- [WORK REQUIRED]:
Return all the lines below exactly as written. Drop every picture.

- [DATA PROVIDED]:

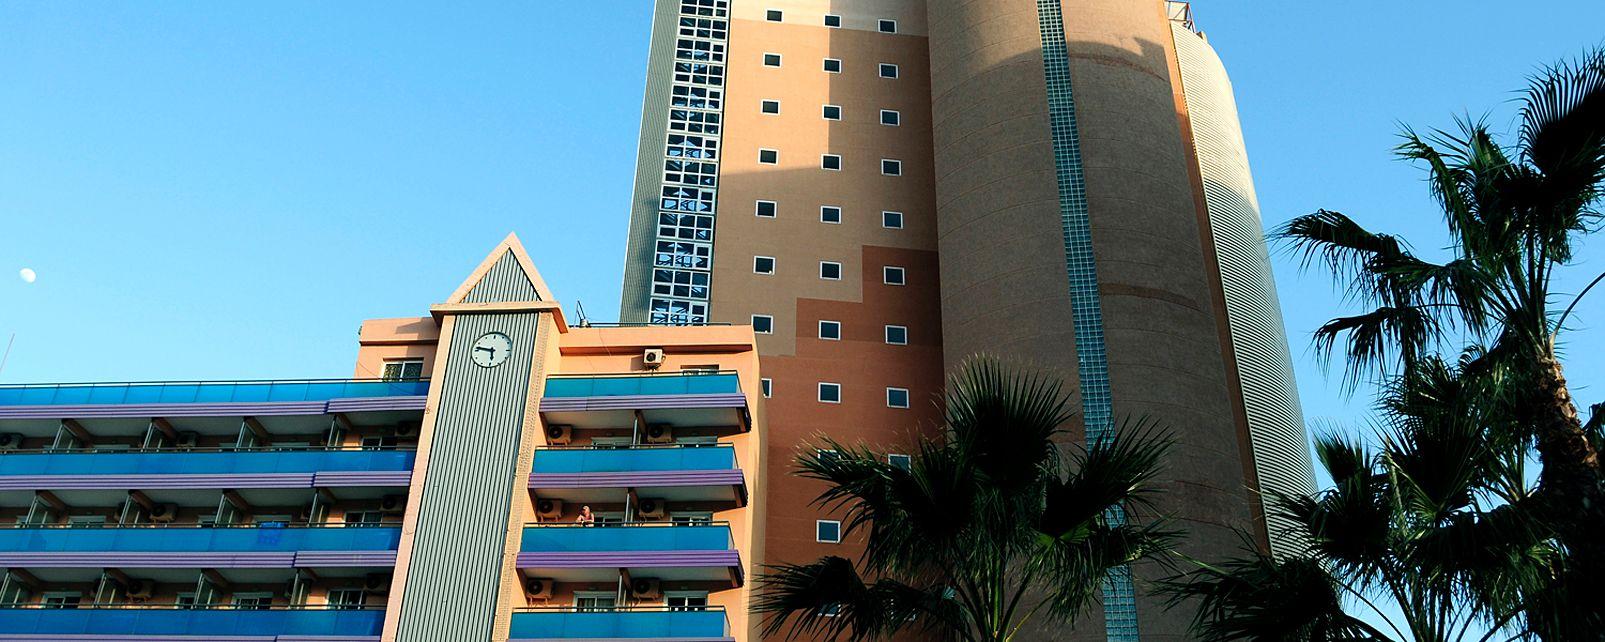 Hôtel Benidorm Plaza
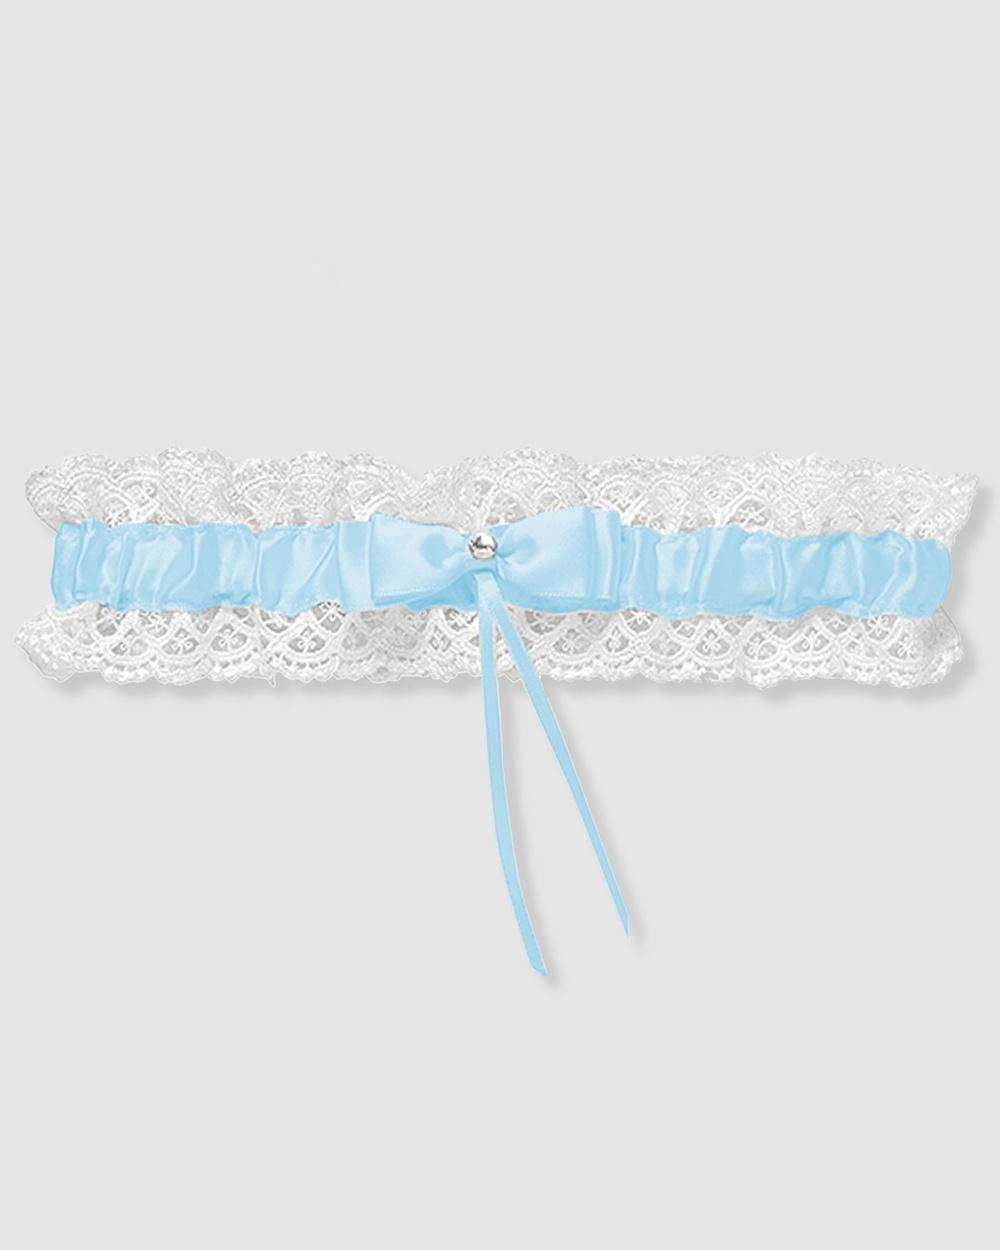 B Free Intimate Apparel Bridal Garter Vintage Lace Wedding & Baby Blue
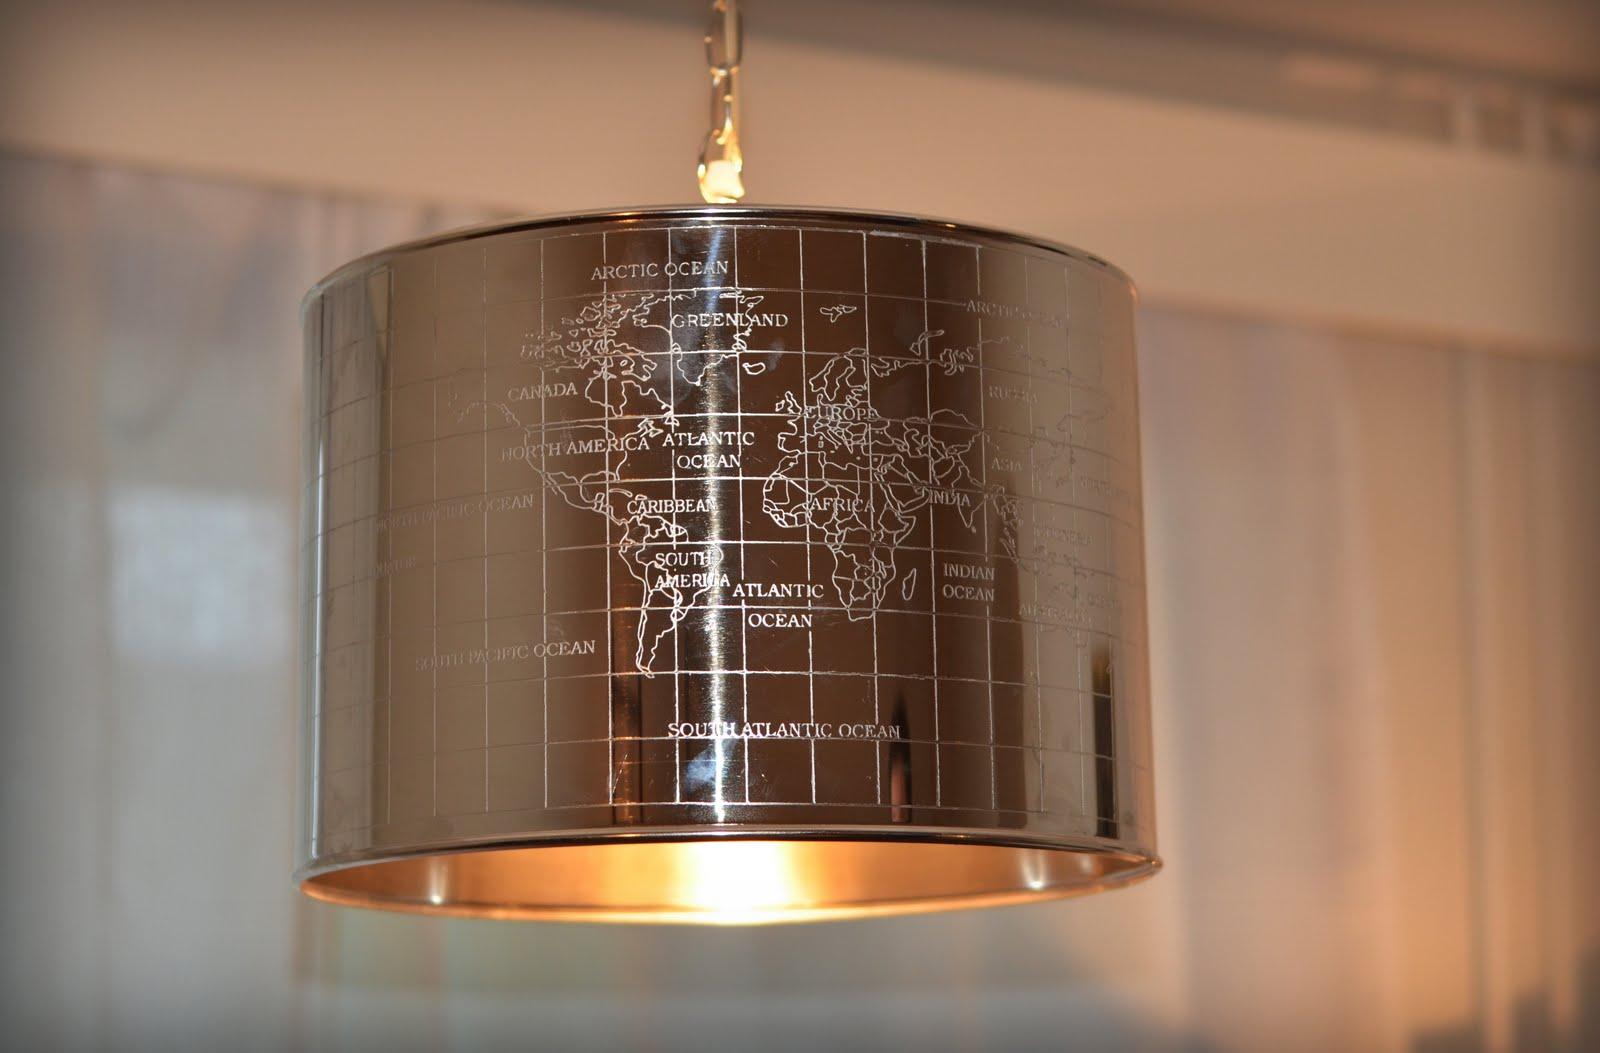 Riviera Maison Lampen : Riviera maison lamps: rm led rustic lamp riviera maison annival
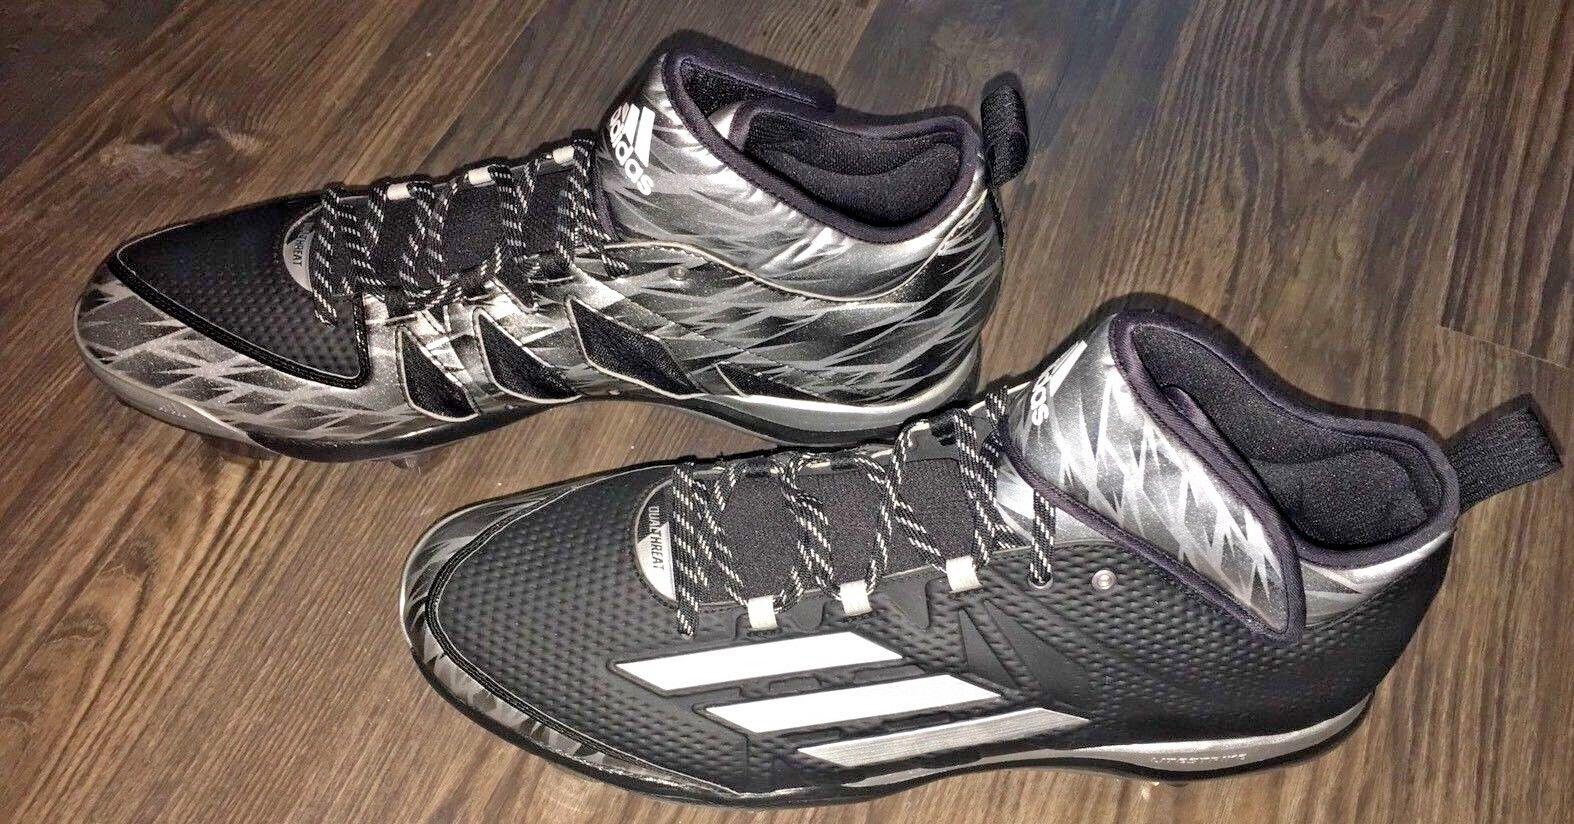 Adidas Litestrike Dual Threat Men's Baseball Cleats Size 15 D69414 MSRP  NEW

- [TASK RESULT]:
 Hôtel Benidorm Plaza
 B Free Intimate Apparel Bridal Garter Vintage Lace Wedding & Baby Blue
 Riviera Maison Lampen : Riviera maison lamps: rm led rustic lamp riviera maison annival
 Adidas Litestrike Dual Threat Men's Baseball Cleats Size 15 D69414 MSRP  NEW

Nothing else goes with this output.